Click Next to proceed with kerberization of the cluster. During the process, all running Services are stopped. Kerberos configuration settings are applied to various components, and keytabs and principals are generated. When the Kerberos process finishes, all Services are restarted and checked.

	Tip
	Initializing the Kerberos Wizard might require a significant amount of time to complete, depending on the cluster size. Refer to the GUI messaging on the screen for progress status.

Procedure 7.2. Accessing Kerberos-Protected HTTP Endpoints

Before accessing any Druid HTTP endpoints, you need to authenticate yourself using Kerberos and get a valid Kerberos ticket as follows:

Log in via the Key Distribution Center (KDC) using the following kinit command, replacing the arguments with your real values:
```
kinit -k -t keytab_file_path user@REALM.COM
```
Verify that you received a valid Kerberos authentication ticket by running the klist command. The console prints a Credentials cache message if authentication was successful. An error message indicates that the credentials are not cached.
Access Druid with a curl command. When you run the command, you must include the SPNEGO protocol --negotiate argument. (Note that this argument has double hyphens.) The following is an example command. Replace anyUser, cookies.txt, and endpoint with your real values.
```
curl --negotiate -u:anyUser -b ~/cookies.txt -c ~/cookies.txt -X POST -H'Content-Type: application/json' http://_endpoint
```

Submit a query to Druid in the following example curl command format:

curl --negotiate -u:anyUser -b ~/cookies.txt -c ~/cookies.txt -X POST -H'Content-Type: application/json'  http://broker-host:port/druid/v2/?pretty -d @query.json

High Availability in Druid Clusters

Ambari provides the ability to configure the High Availability (HA) features available in Druid and other HDP Stack Services.

Configuring Druid Clusters for High Availability

HA by its nature requires a multinode structure with somewhat more sophisticated configuration than a cluster without HA. Do not use local storage in an HA environment.

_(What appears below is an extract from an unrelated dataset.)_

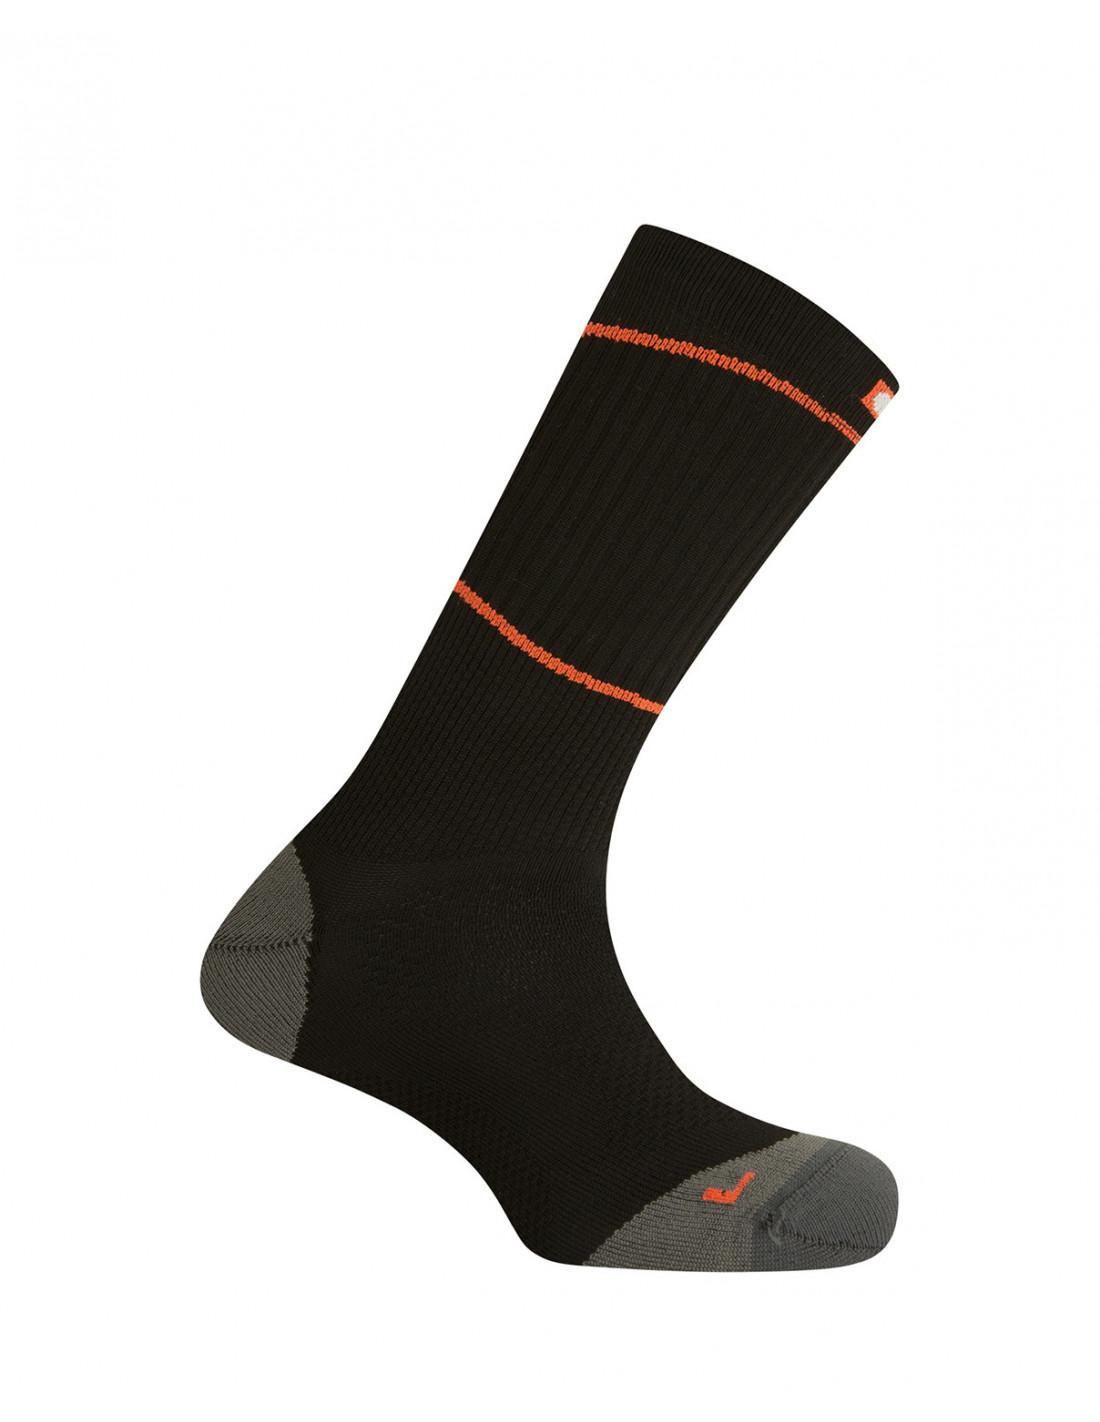 Paddle socks

Configure a Cluster with an HDFS Filesystem

Prerequisites

MySQL or Postgres must be installed as the metadata storage layer. Configure your metadata storage for HA mode to avoid outages that impact cluster operations. See either High Availability and Scalability in the MySQL Reference Manual or High Availability, Load Balancing, and Replication in the PostgreSQL Documentation, depending on your storage selection. Derby does not support a multinode cluster with HA.

At least three ZooKeeper nodes must be dedicated to HA mode.

Steps

Enable Namenode HA using the wizard as described in Configuring NameNode High Availability
Install the Druid Overlord, Coordinator, Broker, Realtime, and Historical processes on multiple nodes that are distributed among different hardware servers.
- Within each Overlord and Coordinator domain, ZooKeeper determines which node is the Active node. The other nodes supporting each process are in Standby state until an Active node stops running and the Standby nodes receive the failover.
- Multiple Historical and Realtime nodes also serve to support a failover mechanism. But for Broker and Realtime processes, there are no designated Active and Standby nodes.
- Muliple instances of Druid Broker processes is required for HA. Recommendations: Use an external, virtual IP address or load balancer to direct user queries to multiple Druid Broker instances. A Druid Router can also serve as a mechanism to route queries to multiple broker nodes.
Ensure that the replication factor for each data source is set greater than 1 in the Coordinator process rules. If no data source rule configurations were changed, no action is required because the default value is 2.